We’ve already oppressed these people enough. They have a night culture in the summer, so if they aren’t military aged males driving cars we leave them alone. We were very heavy-handed in 2003. Now we’re trying to move forward together. At least 90 percent of them are normal fun-loving people.”
And speaking of 'oppressive', there are lots of walls in Baghdad.
In another part of Graya’at is an area called the Fish Market. Gates were installed at each entrance so terrorists can’t drive car bombs inside. The people here are extraordinarily grateful for this. Businesses, not cars, are booming now at the market. Residents feel free and safe enough to go out.
The walls only stop cars, not pedestrians.
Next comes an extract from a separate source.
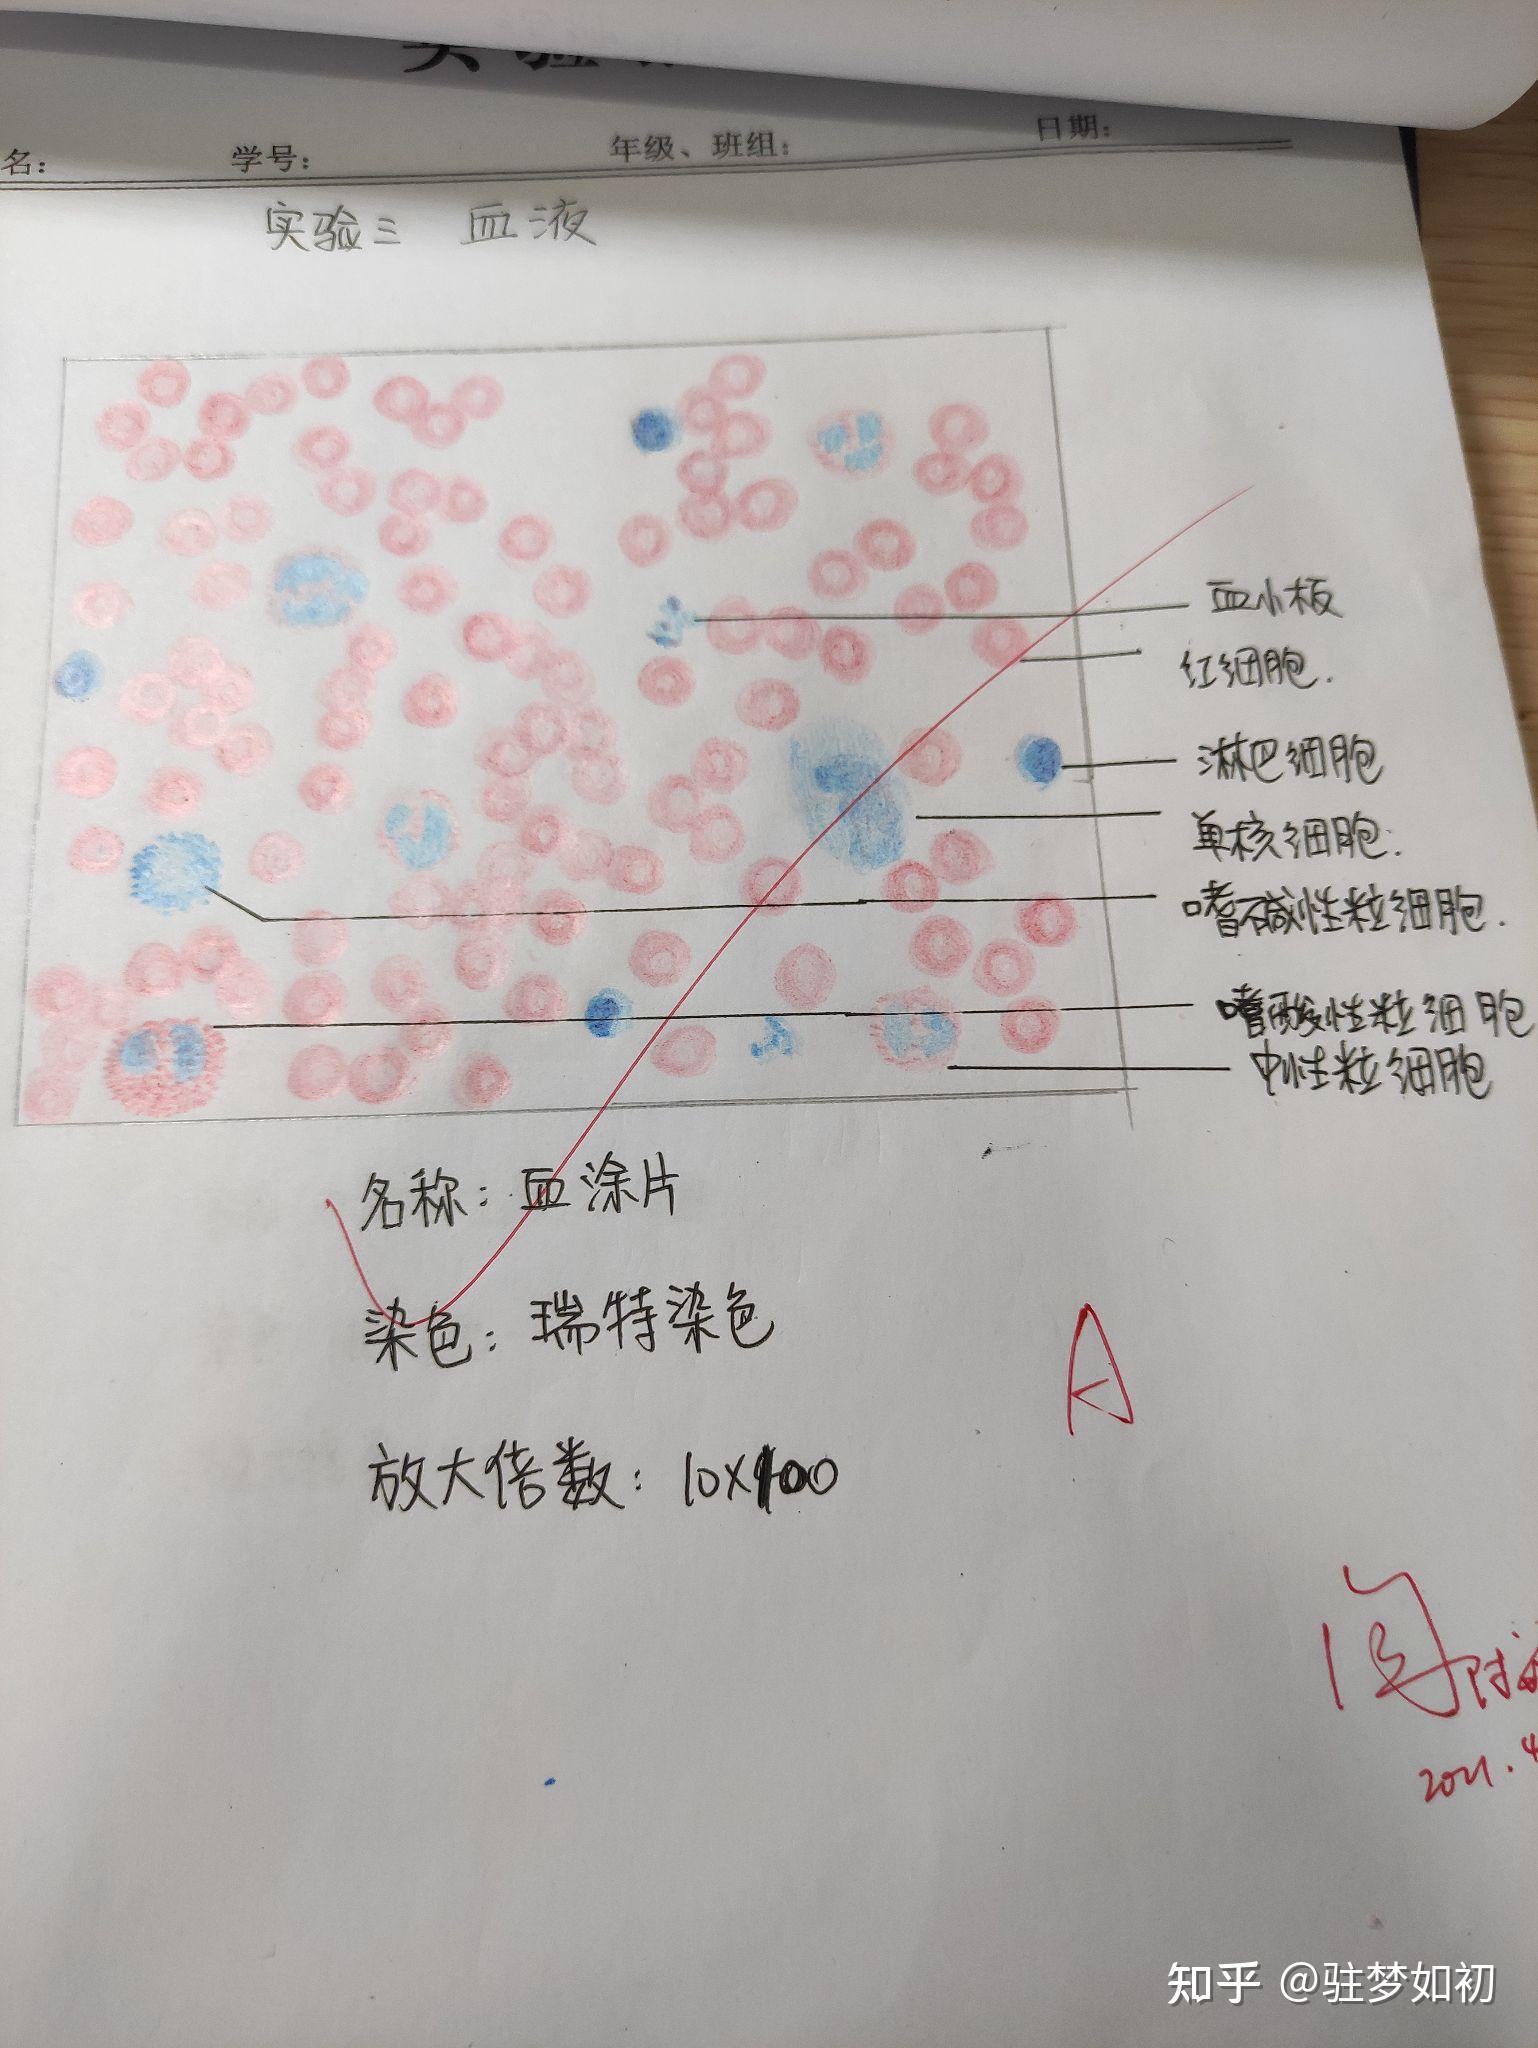 粒细胞红蓝铅笔手绘图图片
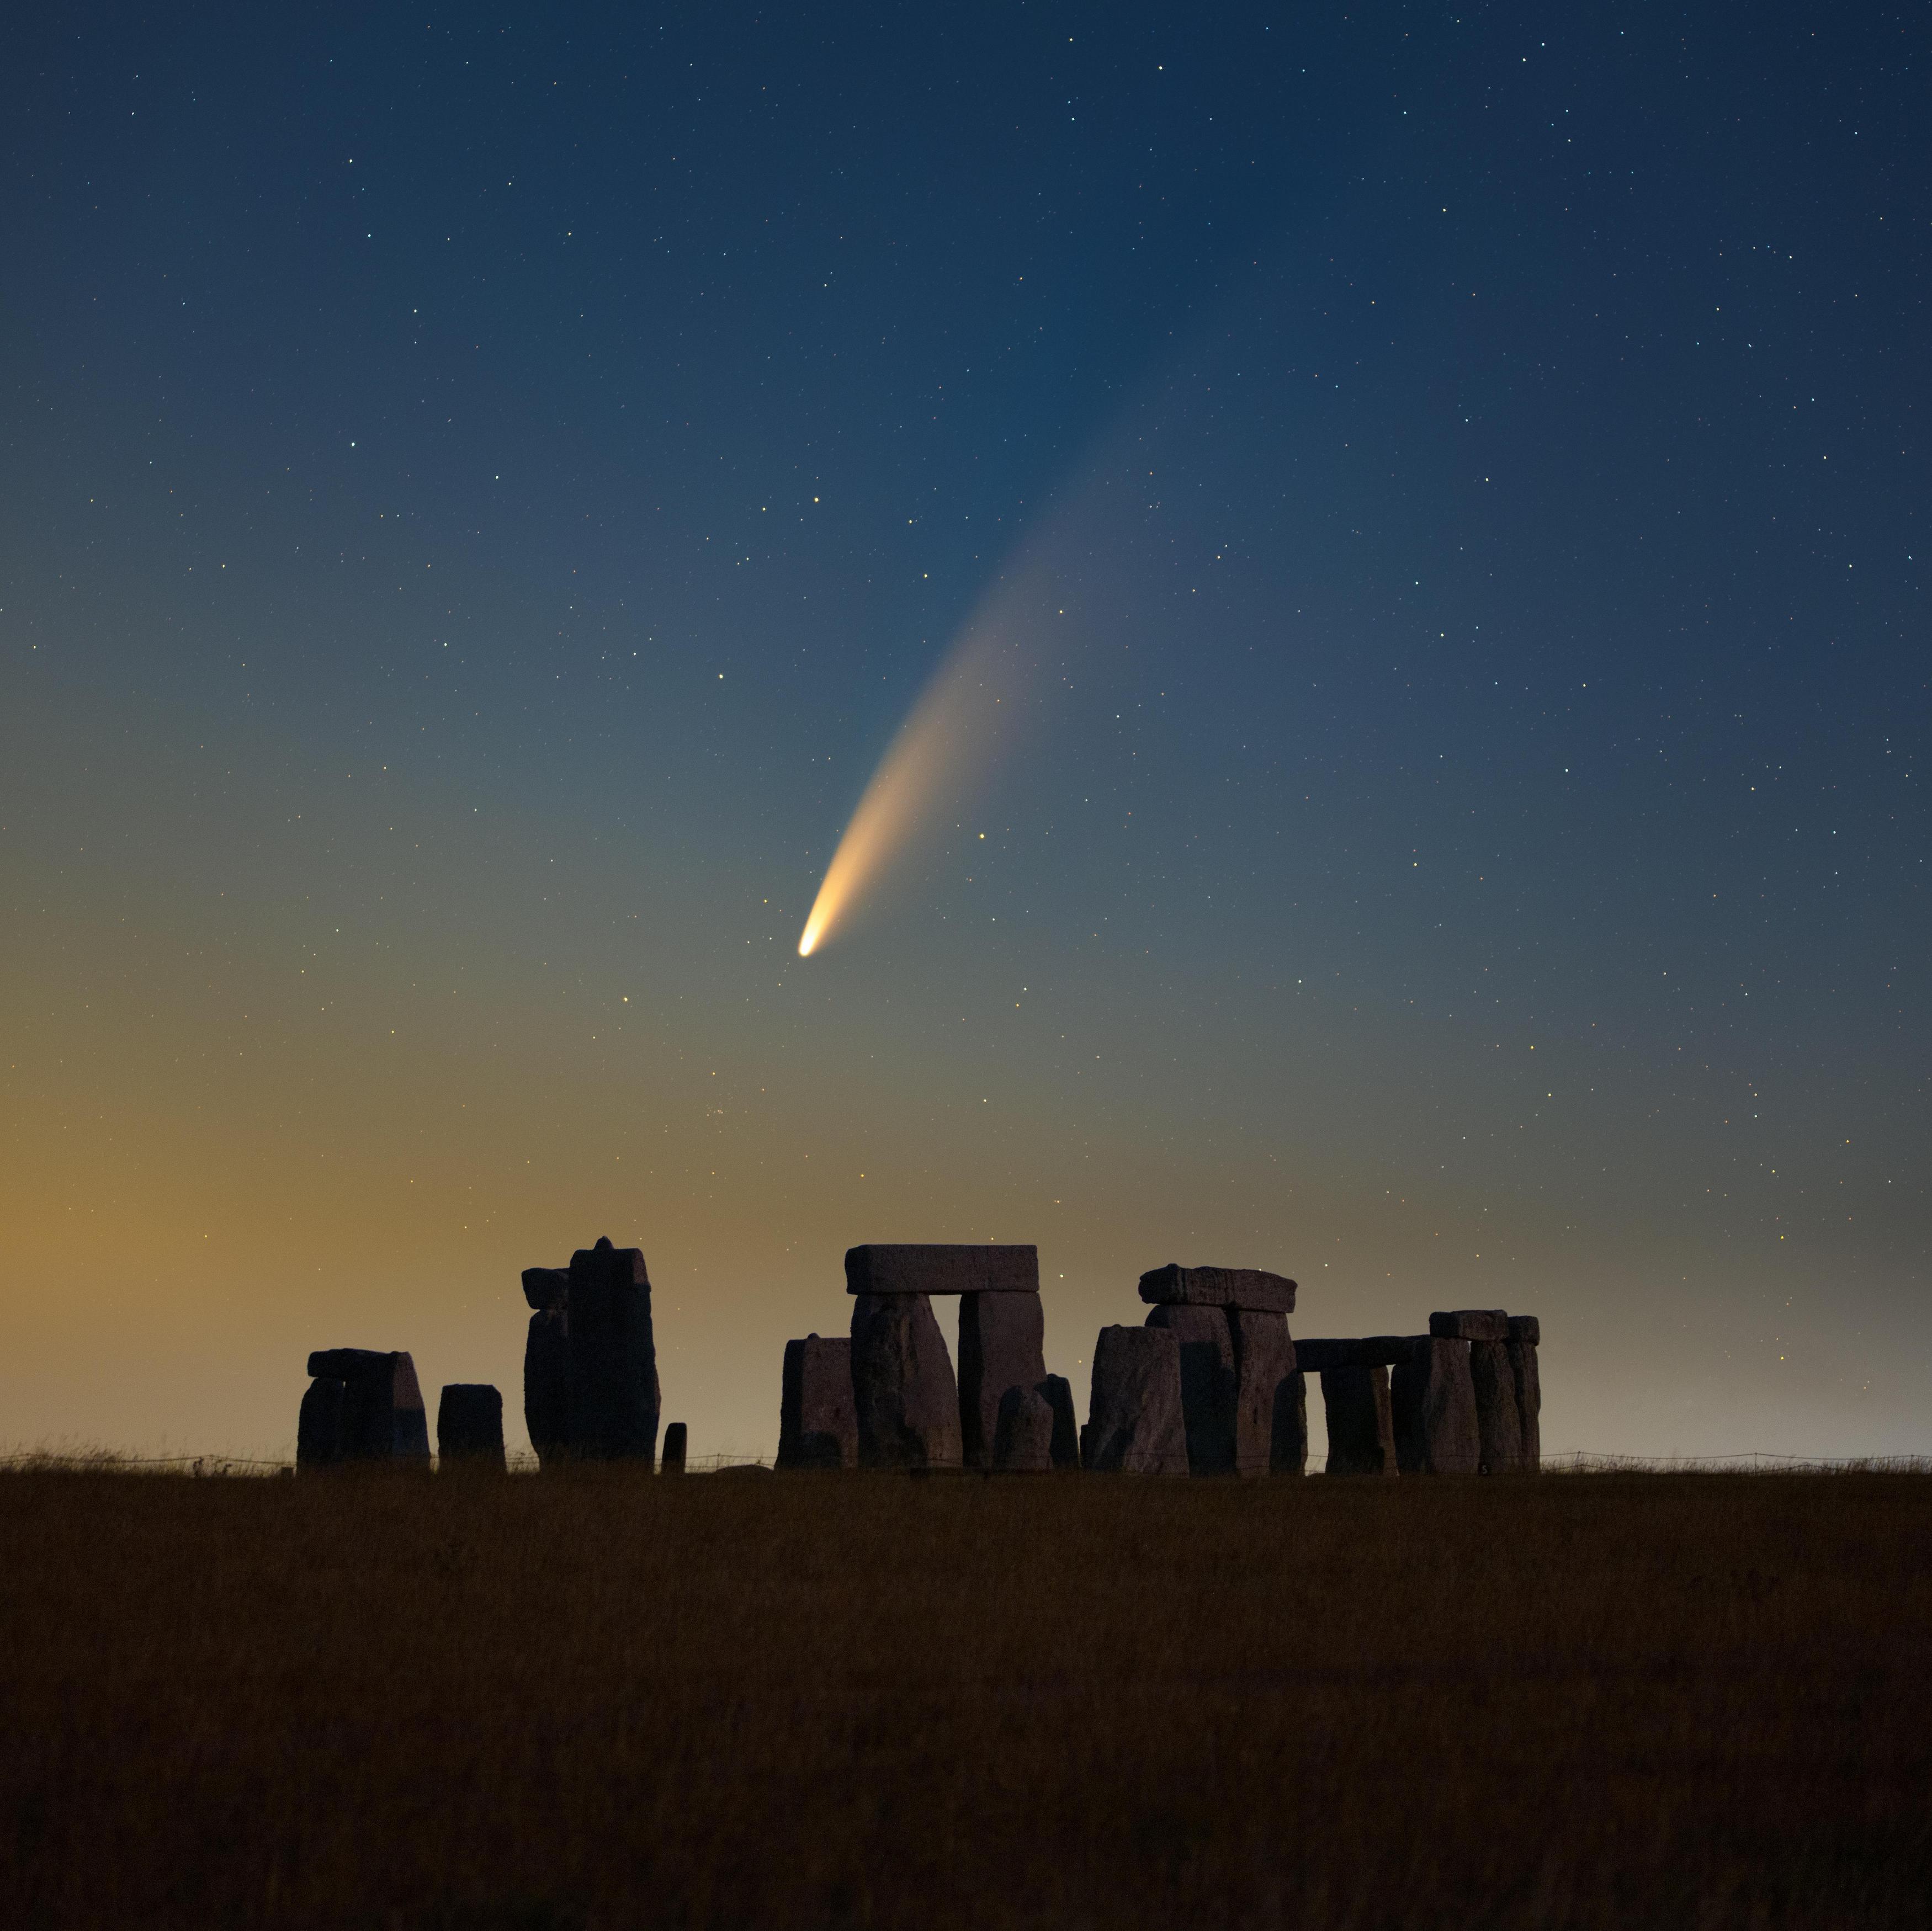 NEOWISE over Stonehenge

“Most of what we’re doing doesn’t get reported in the media,” he said. “We’re not fighting a war here anymore, not in this area. We’ve moved way beyond that stage. We built a soccer field for the kids, bought all kinds of equipment, bought them school books and even chalk. Soon we’re installing 1,500 solar street lamps so they have light at night and can take some of the load off the power grid. The media only covers the gruesome stuff. We go to the sheiks and say hey man, what kind of projects do you want in this area? They give us a list and we submit the paperwork. When the projects get approved, we give them the money and help them buy stuff.”
In fact, it's gone so quiet that someone is getting bored.
“Man, this is boring,” one of them [the 82nd Airborne] said to me later. “I’m an adrenaline junky. There’s no fight here. It won’t surprise me if we start handing out speeding tickets.”